In a number of works [33,34,35], it was theoretically and experimentally shown that the mid-frequency arc (Gerischer-type impedance) is primarily an indicator of water-splitting at the IEM/solution boundary or at the bipolar interface. The low-frequency arc (Warburg-type impedance), first of all, characterizes the ion diffusion transport in the solution layers adjacent to the IEM and can be used to evaluate the influence of various factors (for example, the development of electroconvection) on the diffusion layer thickness [36,37].
In this work, we applied both the mathematical models of EIS and EEC method to interpret the impedance spectra in the full frequency range. By the example of AMX-Sb anion-exchange membrane contacted with red wine, we will demonstrate the capabilities of the EIS for the first time, for a comprehensive study of the fouling and biofouling effect, not only on the characteristics of AEMs, but also on their behavior under conditions of ED desalination of a NaCl solution.

2. Experiment

2.1. Membranes and Solutions

The homogeneous anion-exchange membrane AMX-Sb (Astom, Tokyo, Japan) was selected as the object of study. This membrane is manufactured by paste method [38]. It contains an inert filler: granules of polyvinyl chloride, whose diameter reaches 60 nm. The matrix of the ion-exchange material of the AMX-Sb consists of a copolymer of styrene and divinylbenzene. The fixed groups are mainly quaternary ammonium bases [38].
The main characteristics of the membrane under study are presented in Table 1.
In the experiments we used: distilled water (electrical conductivity was 0.5 μS cm−1, pH = 5.5, 25 °C), solid NaCl of analitycal grade (JSC Vekton, St. Petersburg, Russia), red dry wine made from the varieties of the Murvedr, Syrah, Grenache grapes (pH = 3.5).

2.2. Methods

2.2.1. Membrane Fouling Procedure

Before the study, all membrane samples underwent standard salt preparation [40] and were equilibrated with 0.02 M NaCl solution. One of these samples was used for comparison. Other samples (indicated by the subscript “w”) were placed in a two-compartment flow cell (Figure 1).
The 0.02 M NaCl solution was circulated through one of the compartments and the red wine through the other. The time of the sample contact with wine in hours is indicated by a subscript. Thus, “AMX-Sbw10” denotes the sample which was in contact with wine during 10 h; “AMX-Sbw72” relates to the sample which was in contact with wine during 72 h. In the course of the experiment, no special measures were taken to prevent the ingress of microorganisms into the wine and NaCl solution circuits in order to simulate conditions favorable for biofouling of the studied membrane. As already mentioned in the Introduction [11], such conditions often arise during the ED processing of food industry liquid media.
After the completion of the fouling stage, the concentrations of ethyl alcohol and glucose were determined by liquid chromatography [41] and spectrophotometry [42] methods.

2.2.2. Visualization

The visualization of surface and cross-sections of swollen AMX-Sb membranes before and after fouling was carried out using a SOPTOP CX40M optical microscope (Yuyao, China) with a set of 5×, 10×, 20×, 50× and 100× objectives and a digital eyepiece camera.

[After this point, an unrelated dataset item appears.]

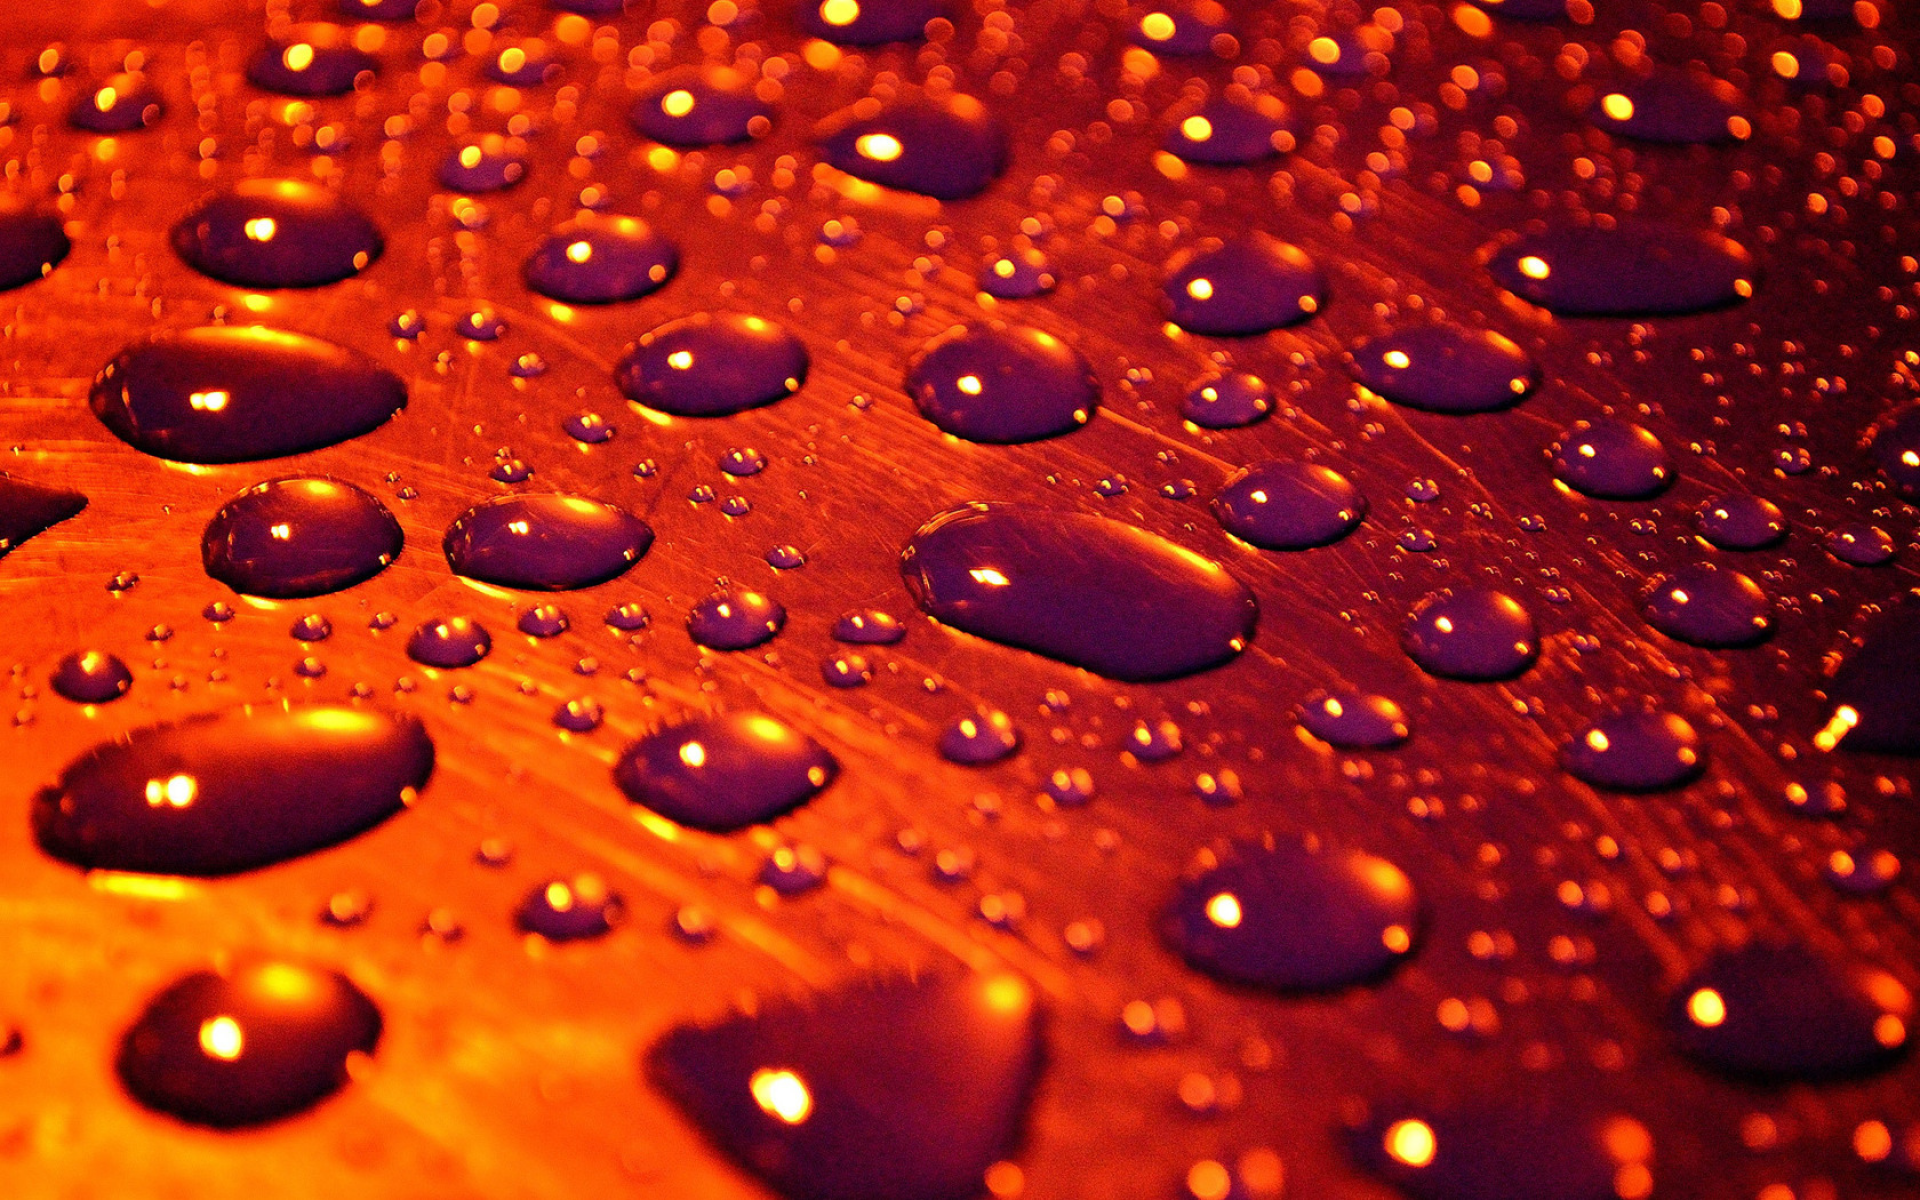 капли, поверхность, вода, macro, drops of rain

2.2.3. Microbiological Analysis

After 72 h of contact with wine, the studied sample was removed from the cell (Figure 1) and placed in a sterile Petri dish. Touch smears of the AMX-Sb surface exposed to NaCl solution and of the surface exposed to wine were made on defatted glass slides. The obtained preparations were dried in air, fixed over the flame of an alcohol lamp, and then stained by the Gram-staining method [43] in the following sequence: 2–3 drops (50–75 μL) of carbolic solution of gentian violet for 2 min; 2–3 drops of Lugol’s solution for 1 min; discoloration with 96% ethyl alcohol for 30–45 s; rinsing with distilled water; 2–3 drops of an aqueous solution of fuchsin for 2 minutes; rinsing with distilled water.
Gram-positive microorganisms turned blue-violet, and gram-negative ones turned pink-red. Optical images of the stained preparations were performed using a Primo Star microscope, Carl Zeiss, Oberkochen, Germany, with a set of 10×, 100× in the presence of immersion liquid. Similar manipulations were made on the pristine AMX-Sb membrane just after salt pretreatment procedure.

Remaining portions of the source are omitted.